Karma is one of the most evasive doctrines in Buddhism (and throughout Indian religion/philosophy). Here is a typical statement on karma/kamma…
You want: long life, health, beauty, power, riches, high birth, wisdom? Or even some of these things? They do not appear by chance. It is not someone’s luck that they are healthy, or another’s lack of it that he is stupid. Though it may not be clear to us now, all such inequalities among human beings (and all sorts of beings) come about because of the kamma they have made individually.
(by Bhikkhu Khantipalo) from the introduction to the Cula-Kammavibhanga Sutta.
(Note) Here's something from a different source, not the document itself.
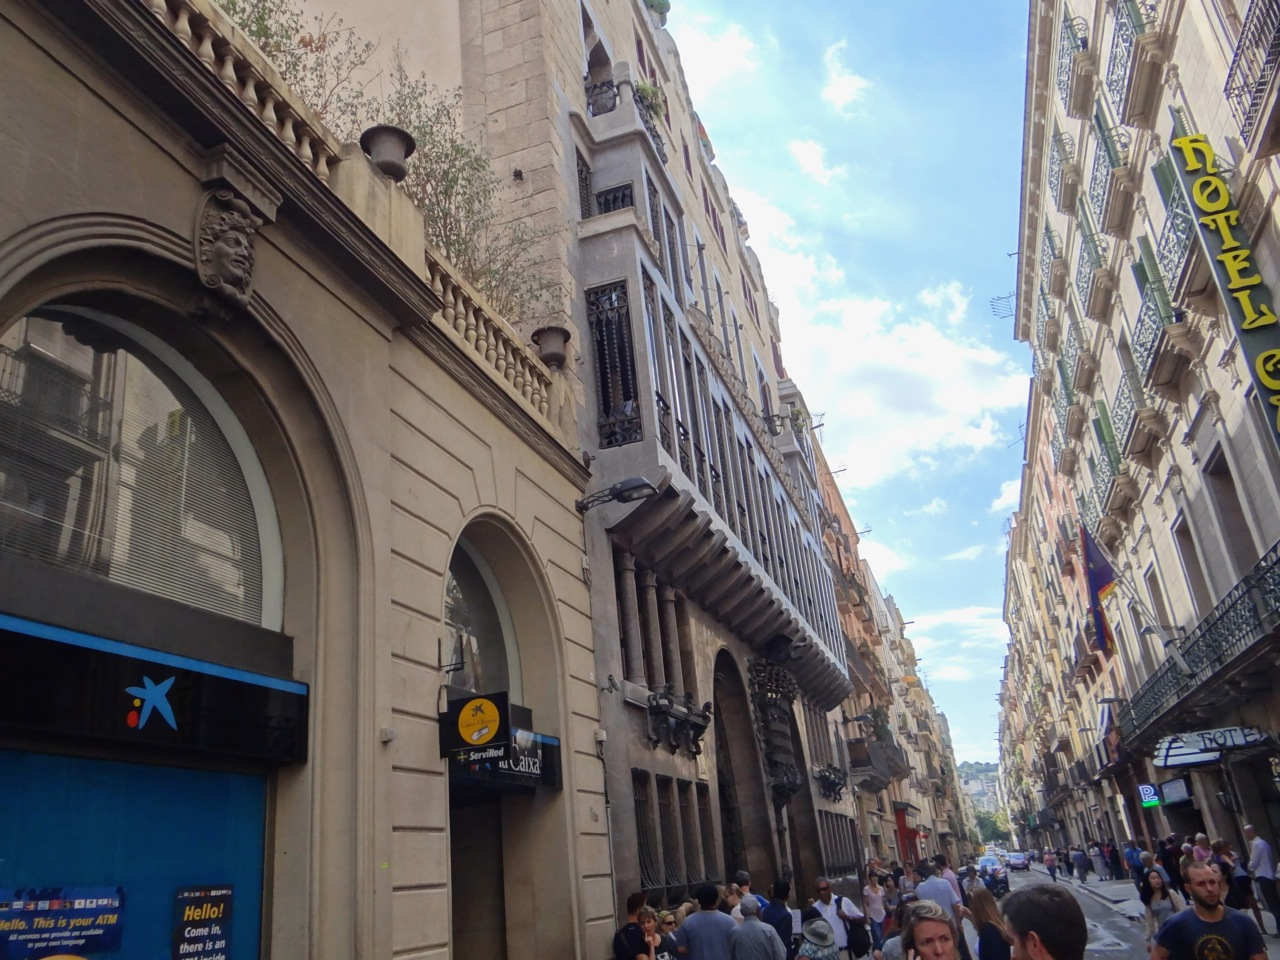 Barselona street

The key question I have is about HOW karma works. My starting point tends to be in the 5-niyama doctrine:
Crucial here are the five Abhidhamma modes of causality : (1) physical-organic (uti-niyama); (2) biological (bija-niyama); (3) non-volitional mental (mano- or citta-niyama); (4) volitional mental (kamma- or karma-niyama); and (5) – and the most unclear and problematic – spiritual (dhamma- or dharma-niyama).
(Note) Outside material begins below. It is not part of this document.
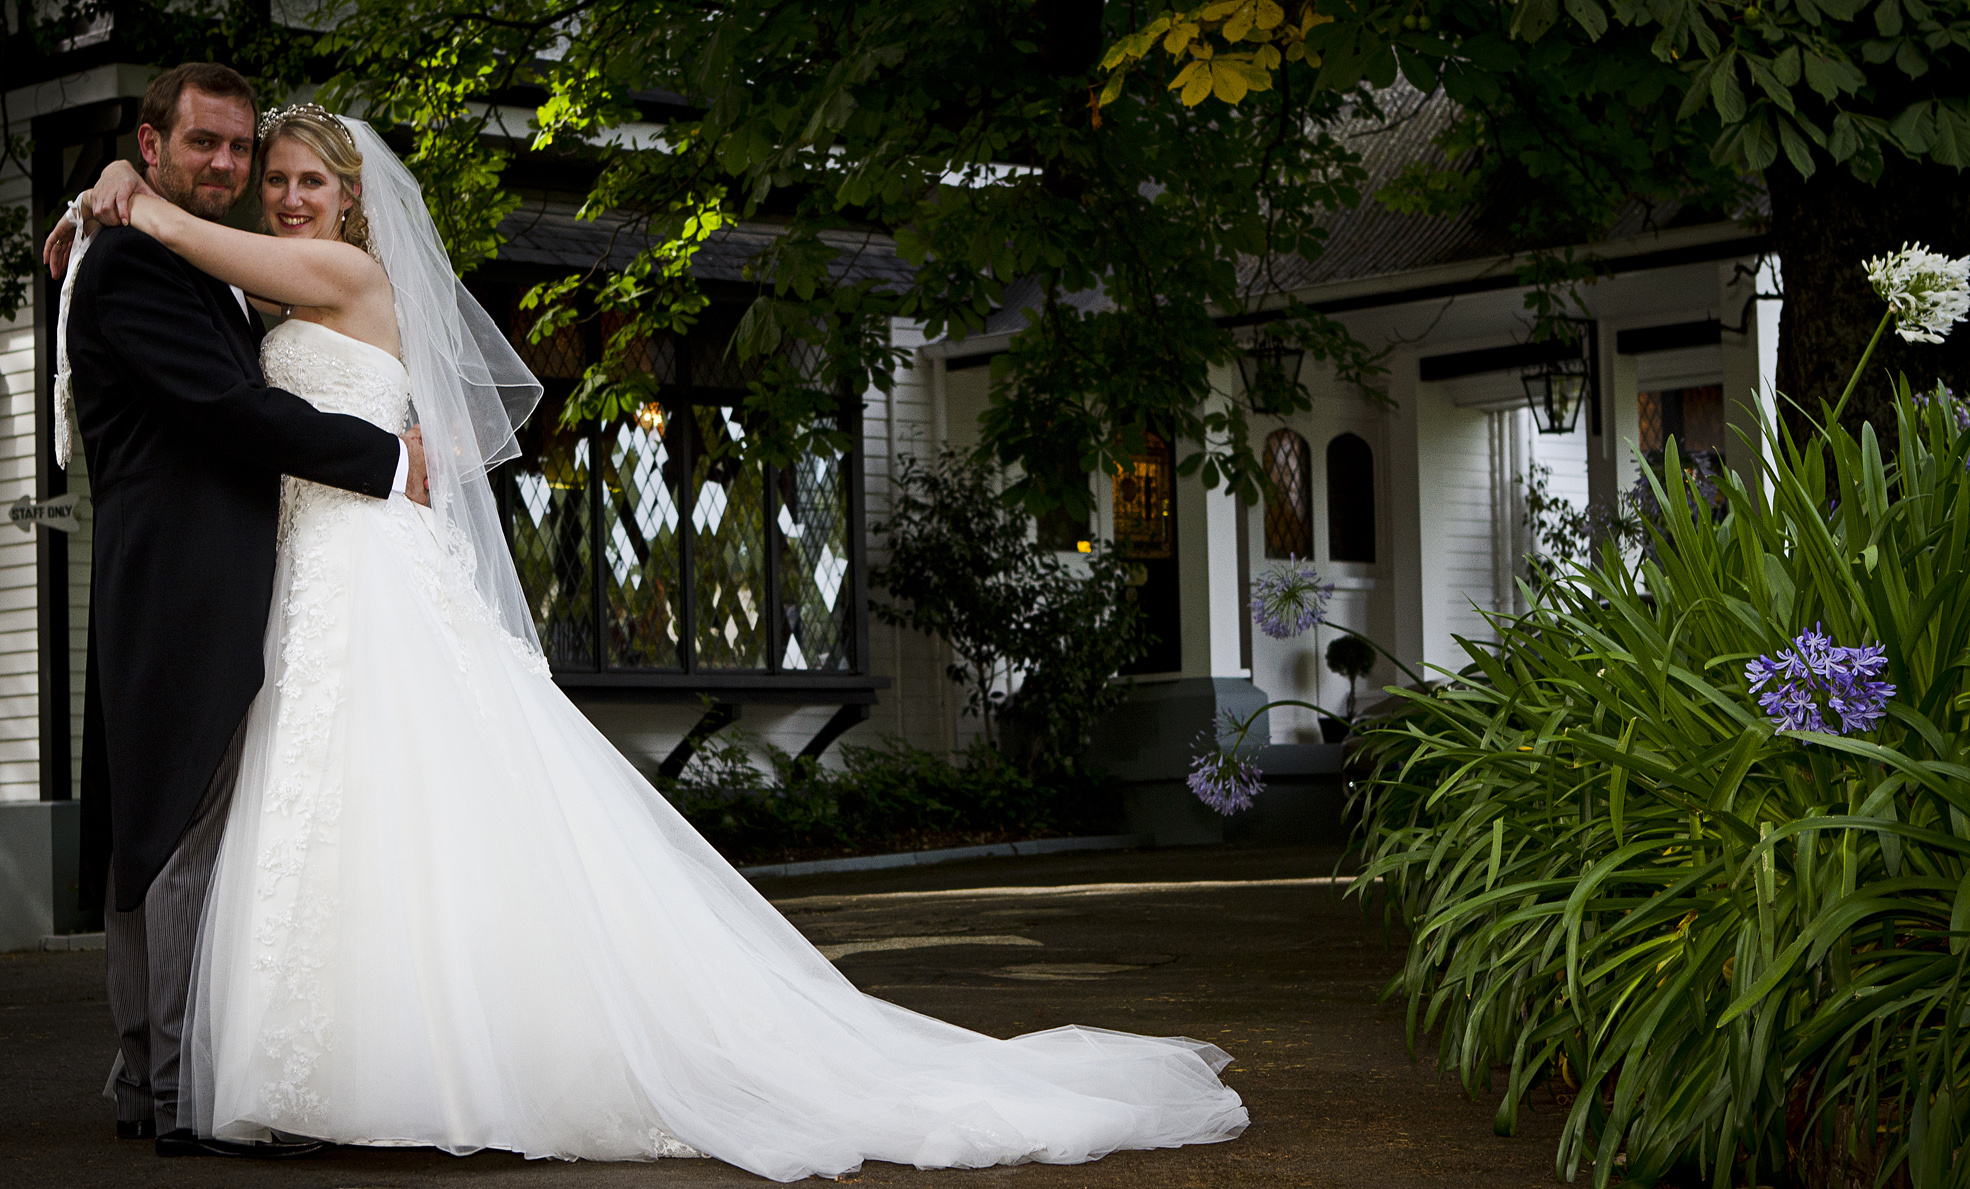 Wedding Venue In The Wairarapa

I just delight in impressing people by saying, “utu, bija, citta, kamma, dhamma.” It has a nice sound.
We have dhamma on the one side, the abstract totality or truth of reality. One of my early teachers, Alan Sponberg, gave us the image of the dharma as the vibration of the universe and each of us just being a bit out of tune. If when we become attuned, we live in harmony with reality, awakened.
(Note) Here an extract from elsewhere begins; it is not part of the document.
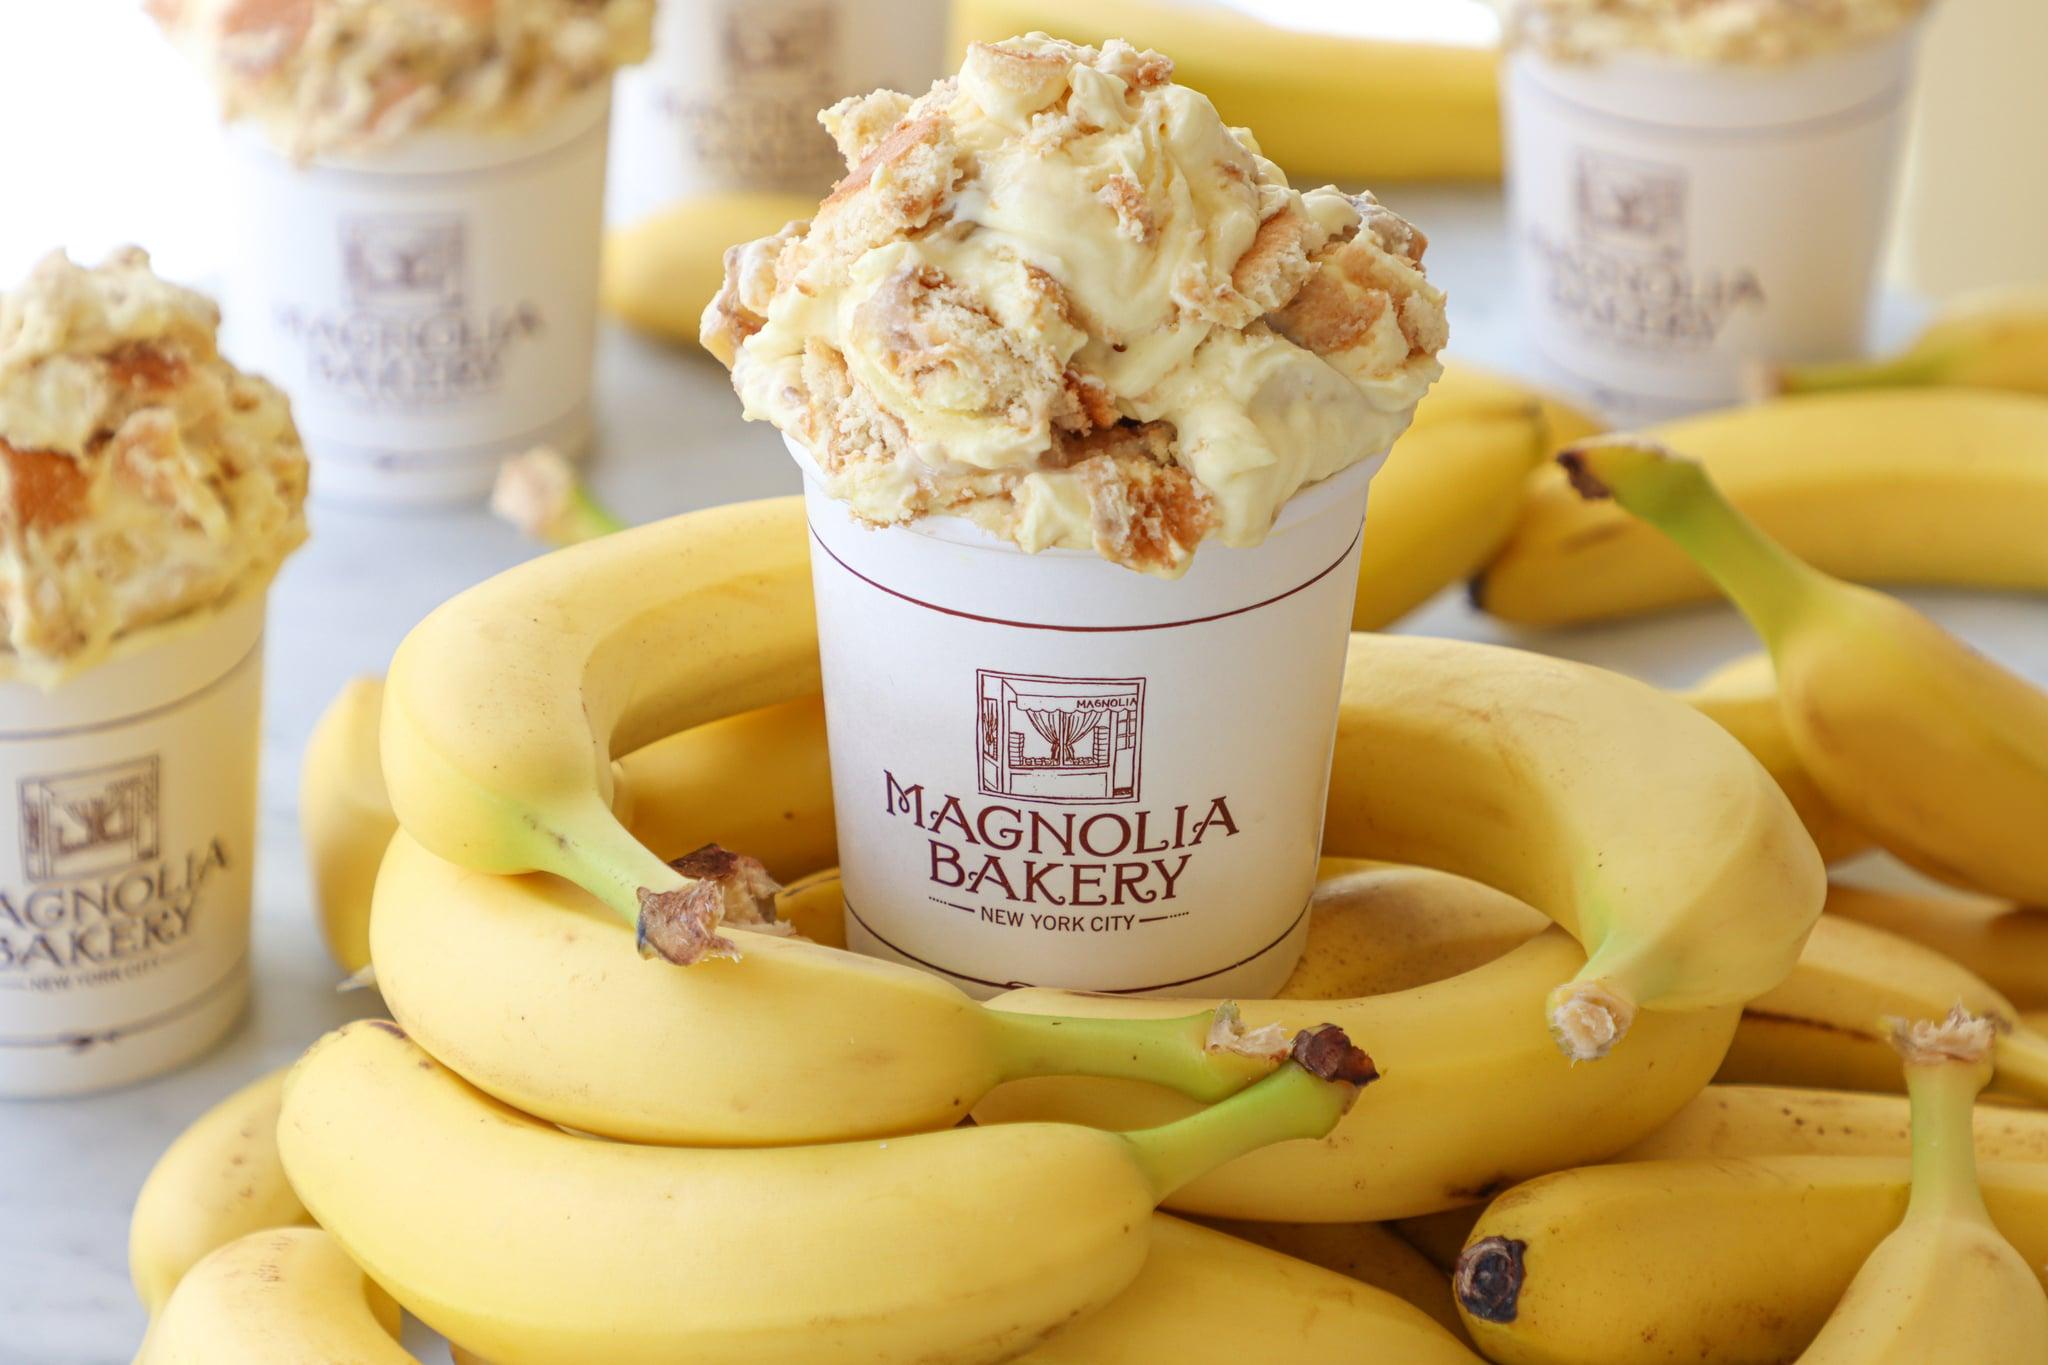 tmp_m6ubhp_d08ac528bf1b9a2a_Magnolia_Bakery_GF_Banana_Pudding_3.jpg

On the other side we have citta (pronounced chit-ta), the activity of the mind. The mind has all sorts of wonderful attributes, but it is also the source of the erroneous mental construct of ‘self’ and ego. It seems then that the Buddhist path is meant to move us from a life dominated by citta to one in tune with dhamma. In the midst of this path is kamma.
The pitfall that my current advisor, Damien Keown, points to is a sort of psychological reductionism. If kamma is just reduced to mental states such as greed or motivations then the dhamma aspect can be lost. For instance, anything might be morally acceptable if it comes from a positive motivation. For example, lying – it may be thought to give good karma to lie if it helps people. However, in Buddhism it is said that the Buddha never lied, and that an awakened being in fact cannot lie.
This, I suppose, is because a lie violates the harmony of the Universe, the dharma.